Jeff went for a second PCR test on Nov. 14 and, because of the overload of testing facilities in New York, he was still waiting for results on Nov. 17 when I emerged from my isolation period. I’d never developed any symptoms.
When Jeff’s results came back the next day — negative for COVID-19 — we were greatly relieved, but also, perhaps perversely, a little disappointed. Now what lessons were we supposed to draw?
Maybe the caution we’d used during my week of isolation had protected him. Maybe my lack of symptoms showed I had a very low viral load and was never really going to pass it on. Or maybe my own test was a false-positive — perhaps from contamination or a mix-up in the Delaware lab? — and I never had COVID-19 at all.
Three weeks after my positive COVID-19 test, I walked over to a testing site in Manhattan to get my blood drawn for an antibody test, just to see my story through.
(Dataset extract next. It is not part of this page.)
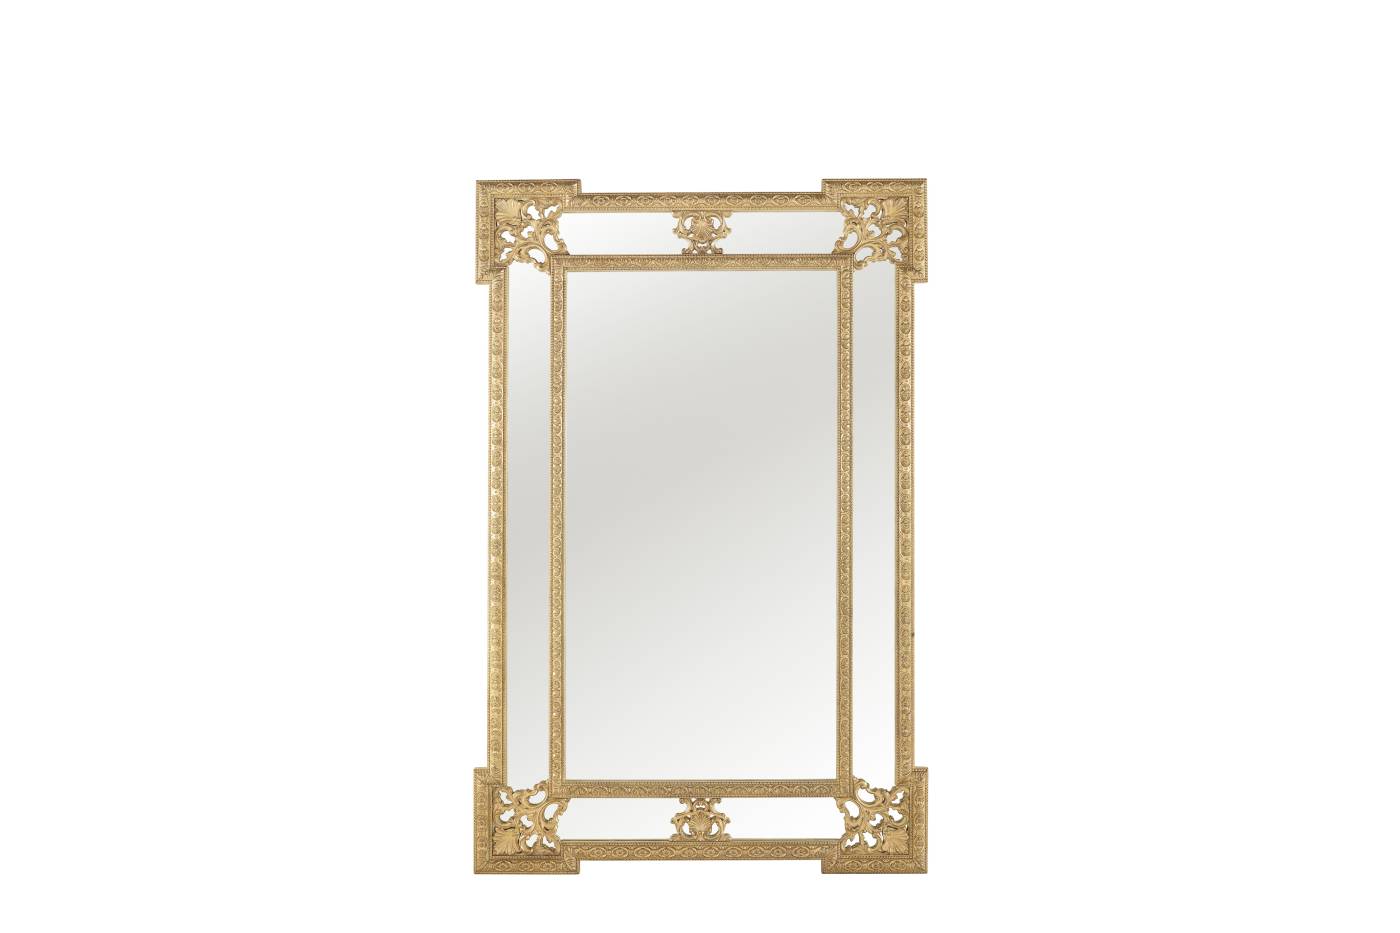 DEDALUS mirror – Jumbo Collection Italian luxury classic MIRRORS. tailor-made interior design projects to meet all your furnishing needs

It was negative — another disappointment and one more bit of data I wasn’t quite sure how to interpret.
Antibody tests have a high rate of both false-negatives and false-positives. Combined with my positive PCR test for the virus, I would have considered a positive antibody test to be confirmation that I really had at one time been infected with the coronavirus, no matter how healthy I felt all along. But a negative antibody test? That presented more of a puzzle.
It could mean I was never infected with the coronavirus. Or it could mean I was just slow in building up a supply of antibodies, but they would show up eventually. Or it could mean, as I find myself musing now at 3 a.m., that I did in fact have an asymptomatic case, and I’m silently harboring a nice healthy store of T-cells — another protective form of immune cells that most commercial labs don’t look for yet. This last bit, I realize, is no doubt just middle-of-the-night wishful thinking.
But there’s one thing I do know, in light of this experience: Despite a global scientific effort that has led to a spectacular burst of new information this past year about a previously unknown pathogen, we can say very little with confidence about how the coronavirus will behave inside any one of us.
We’re still unable to tell a fully fleshed-out story about a particular individual’s encounter. Not the beginning, about how and when the virus was transmitted; nor the middle, about what symptoms it will cause; nor, especially and most distressingly, anything about how it will end.